NASA - NASA Seeks Innovative Suborbital Flight Technology Proposals

Hola amigos: A VUELO DE UN QUINDE EL BLOG., La Agencia Espacial NASA, nos ha hecho llegar esta información....por un segundo año,  NASA's Space Technology Mission Directorate; busca propuestas para cargas útiles de tecnología suborbitales y los realces de capacidad de nave espacial que podrían ayudar a revolucionar futuras misiones espaciales.
Las tecnologías seleccionadas viajarán U.S. commercial suborbital vehicles and platforms, y atrás sobre vehículos estadounidenses comerciales suborbitales y plataformas, proporcionando oportunidades para probar antes de que ellos sean enviados para trabajar en el entorno implacable de espacio.
Los invito aleer la versión en inglés de la NASA........

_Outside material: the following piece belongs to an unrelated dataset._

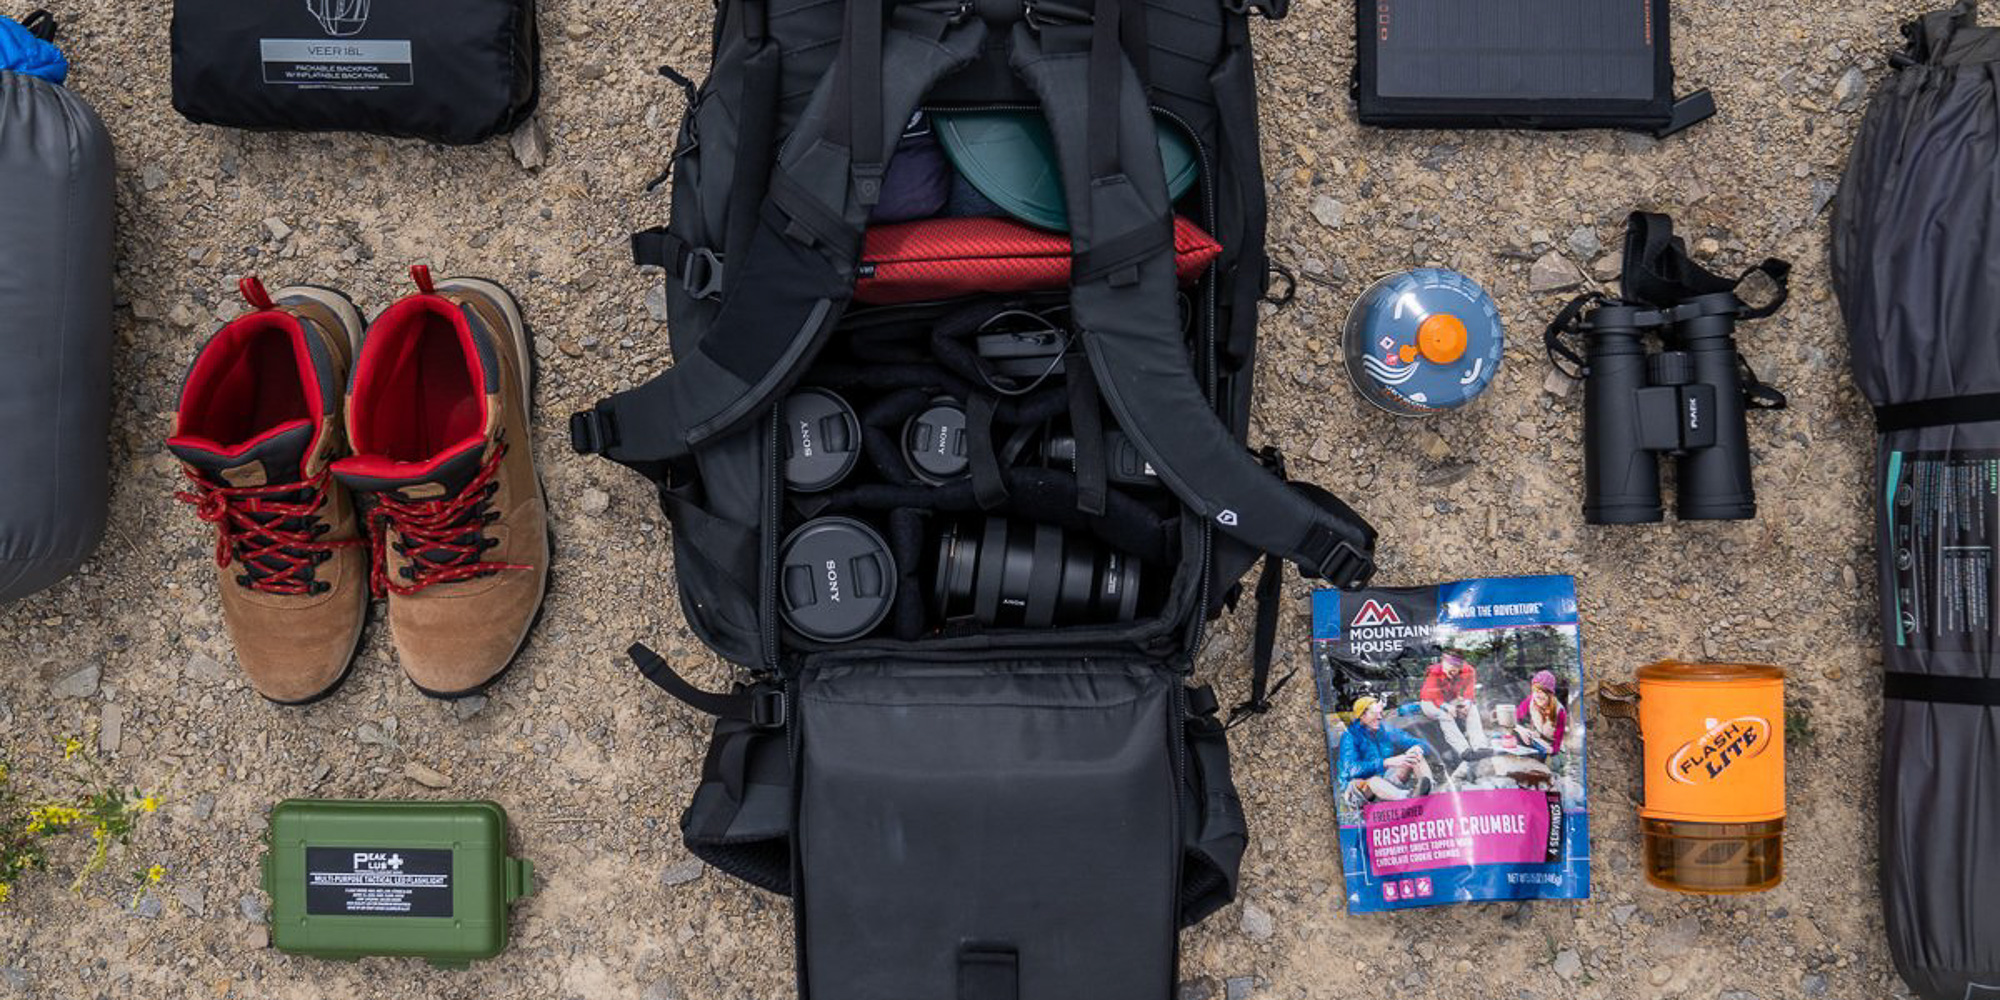 Wandrd Fernweh Trekking Backpack - Wandrd Camera Cube Photo Insert

WASHINGTON -- For a second year, NASA's Space Technology Mission Directorate is seeking proposals for suborbital technology payloads and spacecraft capability enhancements that could help revolutionize future space missions.

Selected technologies will travel to the edge of space and back on U.S. commercial suborbital vehicles and platforms, providing opportunities for testing before they are sent to work in the unforgiving environment of space.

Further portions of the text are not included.